The script of Dark Glasses was written two decades ago and was only recently rediscovered by Argento’s daughter Asia, placing the origins of this project squarely within Argento’s embattled attempts to reboot the giallo template for a new millennium. Like Sleepless it gambles on a particularly strong opening, but unlike The Card Player and Giallo it has no interest in the detection process. In fact, the plot of Dark Glasses is so slim that it might have been one of the nightmares Argento presented in 1987 as the three-minute vignettes (partly recounted by him, partly adapted into mini-films) that constituted the “Gli incubi di Dario Argento”segment in the TV show Giallo, which is a good thing.
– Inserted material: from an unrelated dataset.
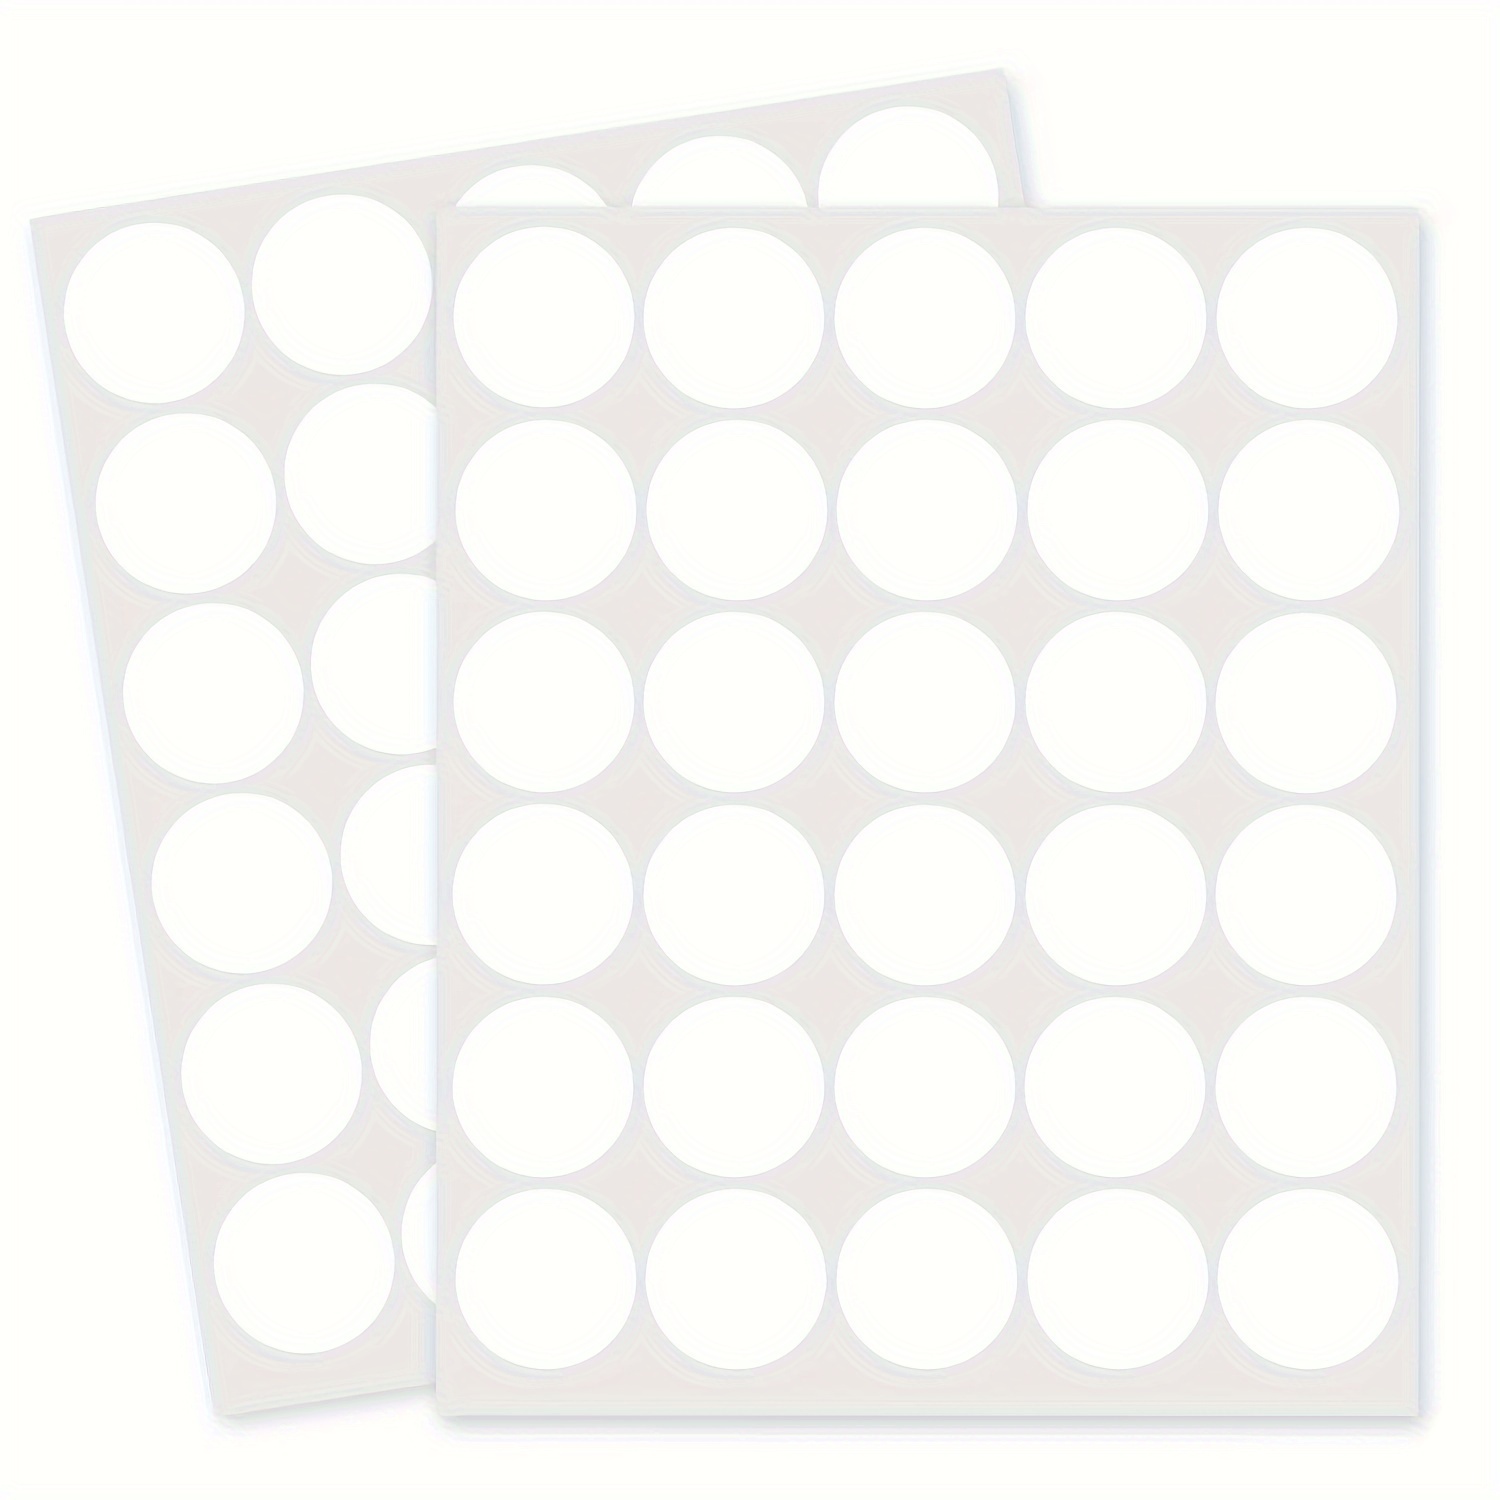 Glue Point Balloon Glue 1300 Pcs Removable Adhesive Dots, Double Sided Dots  (700)

When the killer is finally revealed, there is little surprise involved: he is toxic masculinity distilled into murderous impulse, and as such a reminder that the violence in the original gialli bore witness to the spectacle of traditional masculinity and machismo feeling threatened in the wake of social changes, sexual revolution, and women’s liberation. (The killer is also the dark twin of the late Meat Loaf’s possessed furrier in Pelts,one of the two hugely enjoyable conte cruel black comedies Argento made for the Masters of Horror series in the mid-2000s, which are also mini-marvels of comic-book stylization.)

The police prove useless, as almost always in Argento (in one of those Hitchcock traits he cheerfully picked up), but they contribute to the re-emergence of the absurd, Argento-style—he cherishes these moments when, as in dreams, something nonsensical is made to seem perfectly normal. Thus, an inspector hands the blind Diana a card with her phone number, in case she wants to call. Later, Chin will in fact call and cause danger, in one of the many twin motives that anchor the film’s nightmare logic much better than its narrative: two strangulations with wire and two cut throats (not the same), two car accidents and two crime scenes (with crowds gathering to watch), two times that Diana approaches the camera in a particular way in two meetings with the same client (who the second time around says to the now-blind Diana that he is excited by this as he considers himself “a monster”—a moment that underlines Argento’s alliance with the old horror cinema in which you identified with the monster), two shower scenes and two dog kennels…even knockout spray is used twice, and so on. These doublings reach their apex in a magnificent moment in which Rita and the killer drive by each other and each one has their own flashback, which mirror each other as shot–counter-shot.

In other words, like all of Argento, Dark Glasses is about seeing and not seeing. In one late scene, Argento seems to evoke the popular ur-text on the subject, Wait Until Dark (1967), but it’s a misdirection, much like the water snakes or the brutal brawl with a group of hunters who for a moment appear as saviours and remind us of the beauty that springs from Argento’s mad poetry, even when he’s occasionally shackled. The prolonged climactic showdown, taking place in dark nature, pivots around Chin becoming Diana’s eyes. When he leaves her for a while—with an economical, unexplained split-second cut to black—she hesitantly feels her way through the dark woods, her face touched by leaves that seem to caress her, just as the rats caressed Julian Sands as Argento’s Phantom of the Opera. Even in Argento, the fear of being left alone has rarely found such pungent expression, and the final scene distills it with disarming simplicity. In the end, Diana—although in a crowded airport—is overcome by loneliness, and she kneels down to embrace her dog, saying, “You’re the only friend I have left.”